Так, взмывая вверх и летя вниз, теряя сознание на взлетах этих вселенских качелей, я мечусь от одного счастья к другому, от нашего с Еленой присутствия в купе до полного растворения и нас, и всего окружающего в счастье всеобщего существования. И ни в одной точке этой бесконечной дуги нет ни на секунду остановки, потому что мы непрерывно подымаемся или падаем.
Да, Елена сейчас здесь, я краем глаза вижу ее на грани широкого горизонта, тающего, зыбкого, изломанного бурной стремниной и водоворотами, – неподвижную и безмолвную, но живую и реальную. Глубокий, ясный и открытый взор ее постепенно возникающих передо мной очей еще не превратился в острый, направленный взгляд. Такими чистыми, спокойными глазами взирают на мир молодые женщины из самой глубины своего существа, исполненного свежестью альпийского молока и сока акаций. Эти очи, медленно переводя взгляд и незаметно меняя свое выражение, будто небо – цвет, похожи на пятна мягко освещенного изнутри глобуса, возвещающие о незнакомых континентах и океанах, о которых давно мечталось. Взор этих очей никогда не покоился на мне одном, и я – совсем необъяснимым образом – мог наслаждаться всем, что они созерцают, глядя будто бы на меня, ибо перед этими очами простирались, вызванные ими самими, неведомые просторы нетронутых миров, в которых терялся и мой, видимый облик. Они переводили взгляд и светлели с невозмутимой точностью небесных фаз и в то же время сбивали с толку мои органы чувств и увлекали их на невообразимые пути и ввергали в увлекательный обман.

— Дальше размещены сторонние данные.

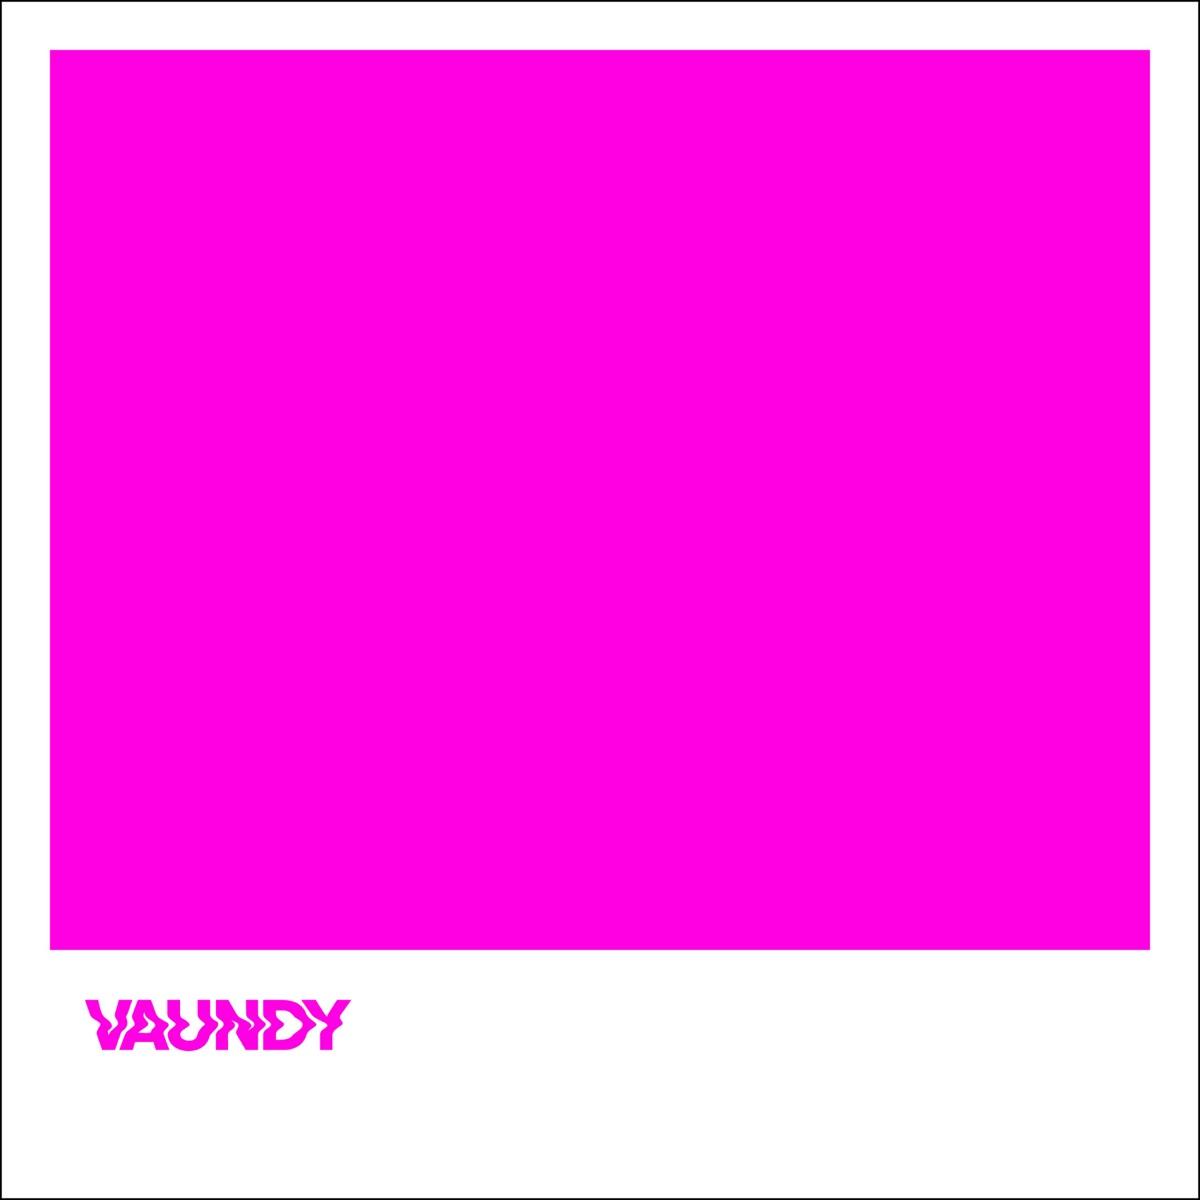 『Vaundy - 灯火 歌詞』収録の『strobo』ジャケット

Только иногда, оказавшись свидетелем неповторимых в своем величии изумительных картин, которые изредка предлагают нам, соединившись, земля и небо, я и сам заводил ту же игру, когда происходит подмена обостренных органов чувств, их неограниченное умножение, и становится возможным одновременно воспринимать явления, которые иначе, в иные, чем эти праздничные, моменты, мы познаем и ощущаем изолированно, каждое отдельно. (Такие минуты не имеют особого названия и позже, среди будничной суеты, остаются как бледный свет в нашей памяти.)
Так, однажды, стоя на высоте в три тысячи четыреста метров и созерцая под собой ледники, сверкающие на солнечном свете, который казался неподвижным, я вдруг услышал, что от них поднимается легкий шум, какая-то музыка, которую ухо с трудом различает и не может удержать. Точно так же как-то в осенний хмурый день я одиноко стоял среди степи, простирающейся от моих ног до неясной границы серого небесного свода. И пока я прислушивался к тихому, но отчетливому свисту и стону травы, легкими серыми волнами колышущейся под порывами ветра, вдруг на гребнях этих бесконечных волн я на мгновенье увидел какой-то блеск, который глаз, привыкший ко всему, что он видел дотоле, едва смог выхватить и приметить, и этот блеск, казалось, не имел связи с солнцем.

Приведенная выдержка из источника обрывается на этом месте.